This can be handled, it's indeed not simple. There is an implementation in https://github.com/D-Programming-Language/phobos/pull/1186 that is working but a bit oddly and is probably more complicated than it needs to.

Anyhow, the larger point is we want groupBy to work as close to native speed for the common case of going once through all groups and with an equivalence relation. For more complex uses, Just Fine(tm) at a small extra cost should be okay. Is this reasonable?

--
January 08, 2015
https://issues.dlang.org/show_bug.cgi?id=13936

--- Comment #6 from Andrei Alexandrescu <andrei@erdani.com> ---
ping pliz pliz :o)

--
January 08, 2015
https://issues.dlang.org/show_bug.cgi?id=13936

--- Comment #7 from hsteoh@quickfur.ath.cx ---
I don't understand your beef against isEquivRelation. It's there precisely to give users the choice of having maximal expressive power at a slight performance cost, or being restricted to only equivalence relations but have better performance.

As for only iterating things once, a thought occurred to me today that instead of creating a new subrange every time the outer .front is called, we can simply keep *both* inner and outer ranges in the same struct, and .front simply returns a reference to the inner range. Multiple calls to .front returns (a reference to) the same inner range, so popping any of them will pop all of them at the same time. The inner range is then only valid until the next call to popFront() -- i.e., groupBy will return a transient range. This will give you maximum performance.
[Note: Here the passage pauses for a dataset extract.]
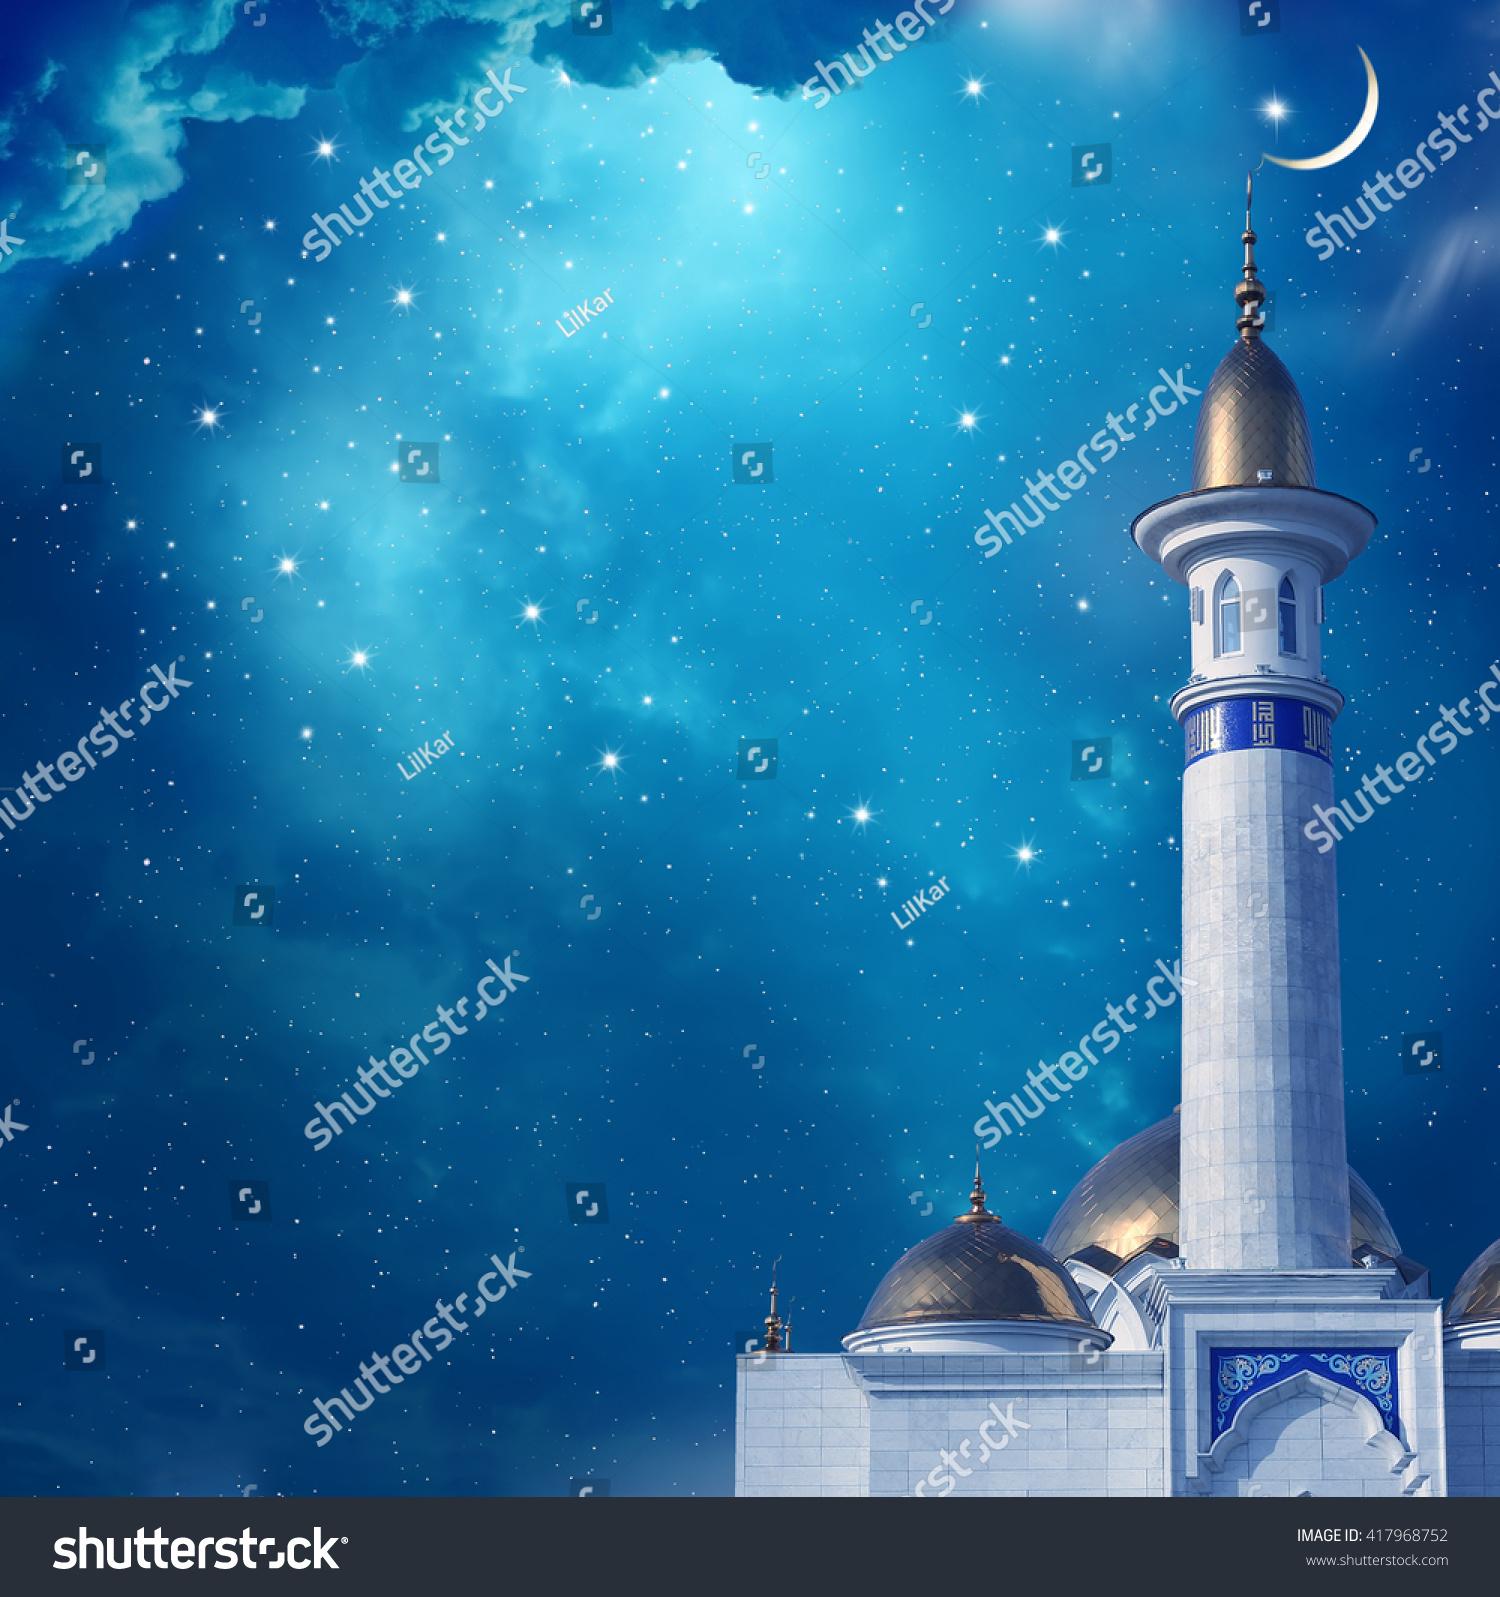 Mosque background for ramadan kareem stock photography image - Ramadan Kareem Background With Mosque

However, it forces the inner range to be non-forward -- there is no way to .save it without making a copy of both the outer and inner ranges, and once you .save it, it detaches from the outer range and no longer influences it when popFront is called. There is no way to make .save work without completely breaking the idea of single traversal, because if I use .save to make n copies of an inner range, then which copy's popFront will influence the outer range? And what happens if I call popFront on the outer range and then go back to a .save'd copy of the inner range afterwards? There are endless nasty corner cases that make this extremely messy.

So there you have it: a fast solution. But it comes at the cost of messy semantics (transient outer range, inner ranges have reference semantics and cannot be .save'd). The transience of the outer range is quite a major concern IMO, because many algorithms in Phobos do not deal with them correctly. Expect all the same problems with byLine to turn up all over again.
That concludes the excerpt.